◆ EXERCISE DATA:

******************************

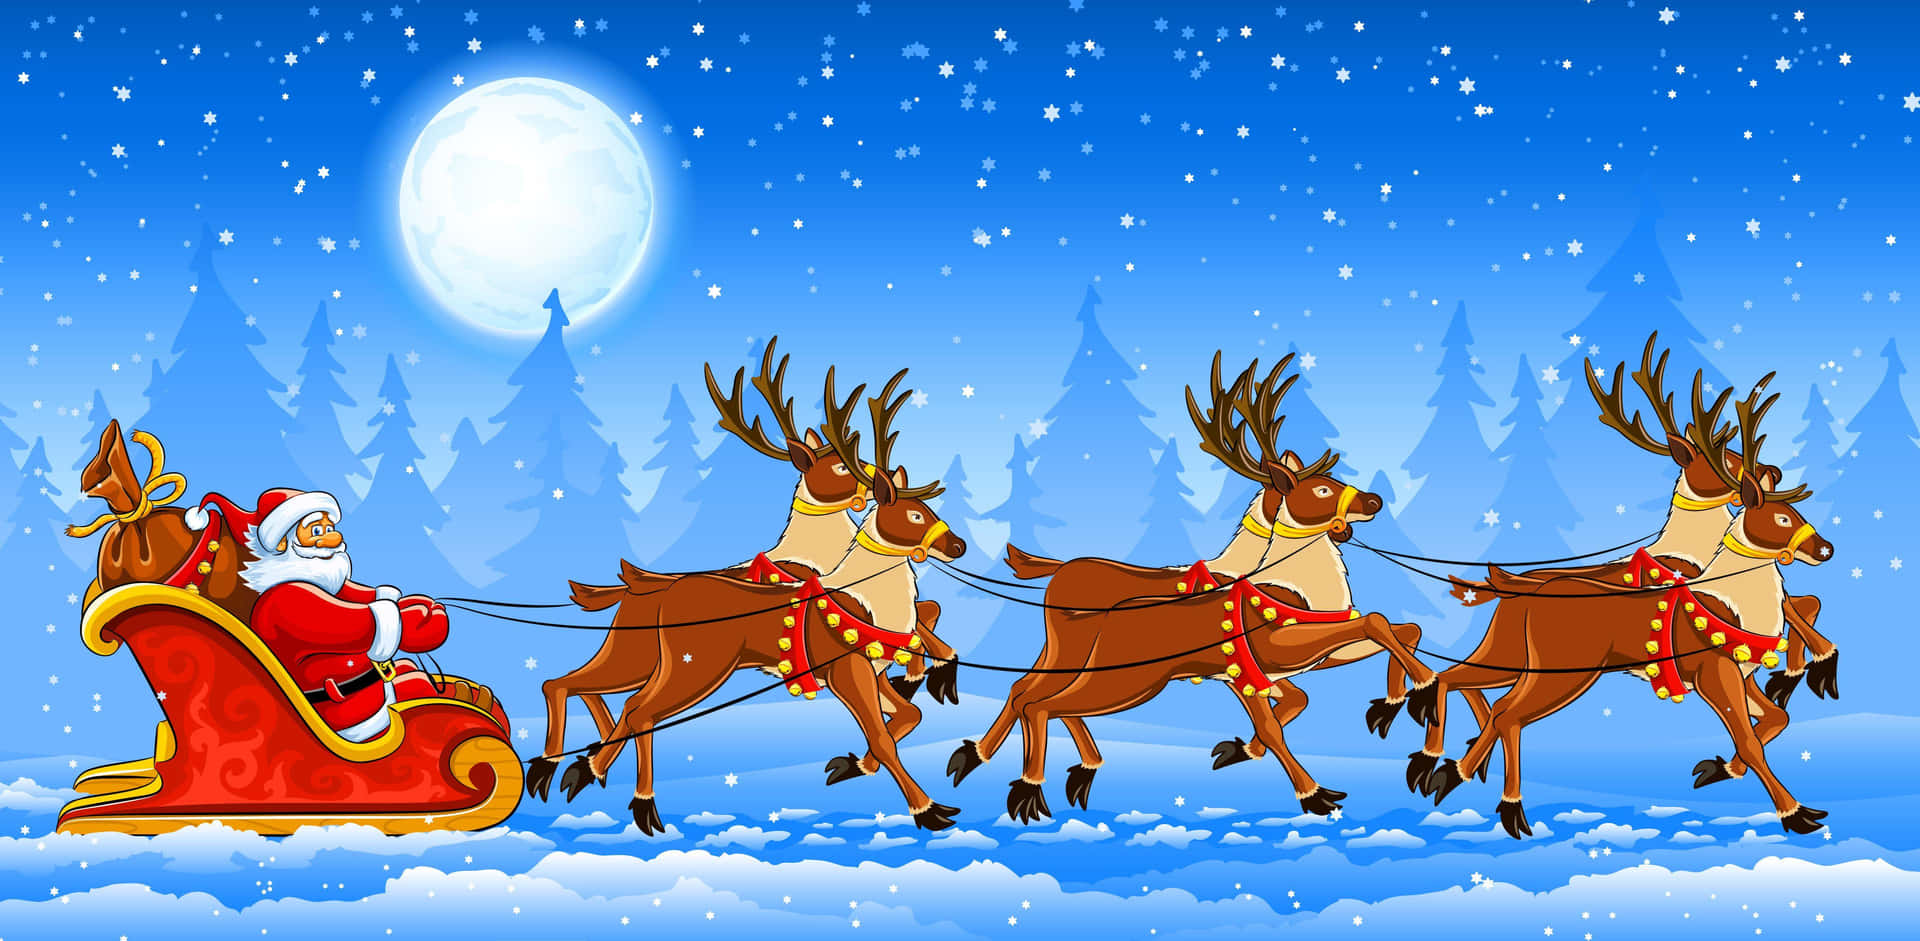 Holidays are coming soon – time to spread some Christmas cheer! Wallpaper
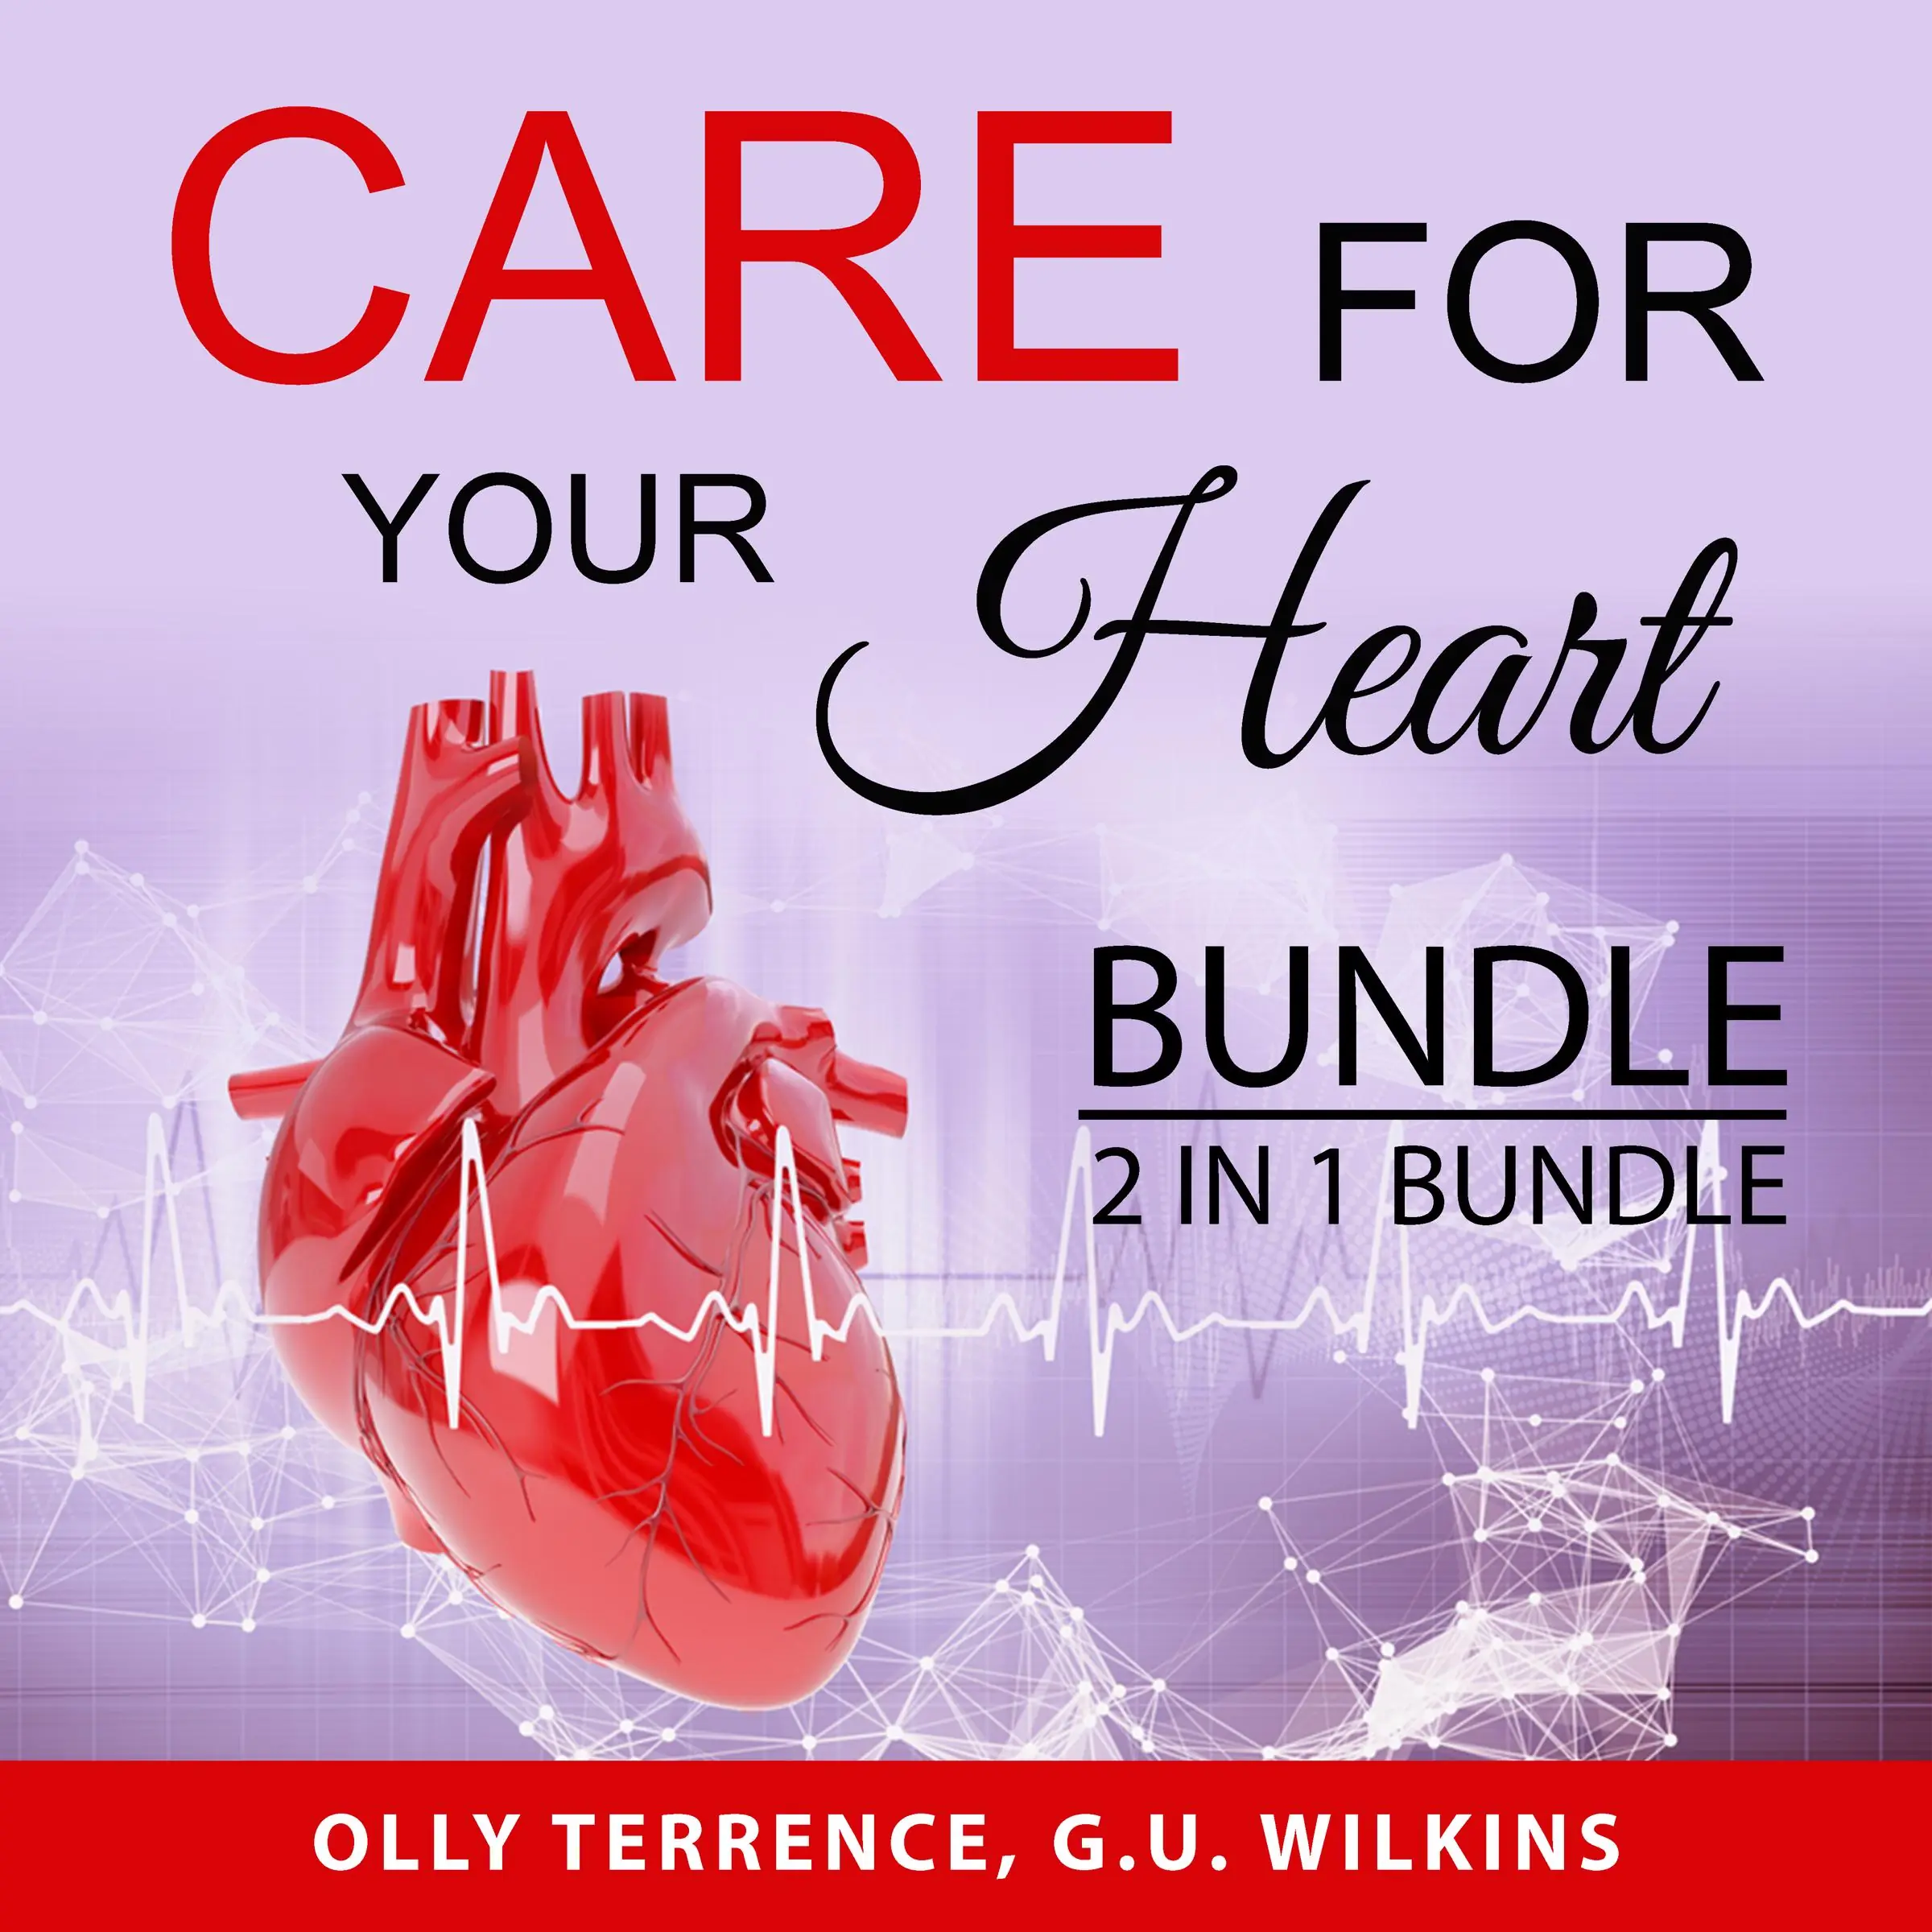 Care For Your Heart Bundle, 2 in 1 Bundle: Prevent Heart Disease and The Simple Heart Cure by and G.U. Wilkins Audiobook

******************************

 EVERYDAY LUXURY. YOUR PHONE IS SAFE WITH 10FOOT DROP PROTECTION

******************************

◆ EXERCISE PROMPT:
All that is wanted is the lines above between the one containing "Holidays are coming" and the one containing "Care For Your", inclusive, restated word for word, with pictures omitted.

◆ RESULT:
 Holidays are coming soon – time to spread some Christmas cheer! Wallpaper
 Care For Your Heart Bundle, 2 in 1 Bundle: Prevent Heart Disease and The Simple Heart Cure by and G.U. Wilkins Audiobook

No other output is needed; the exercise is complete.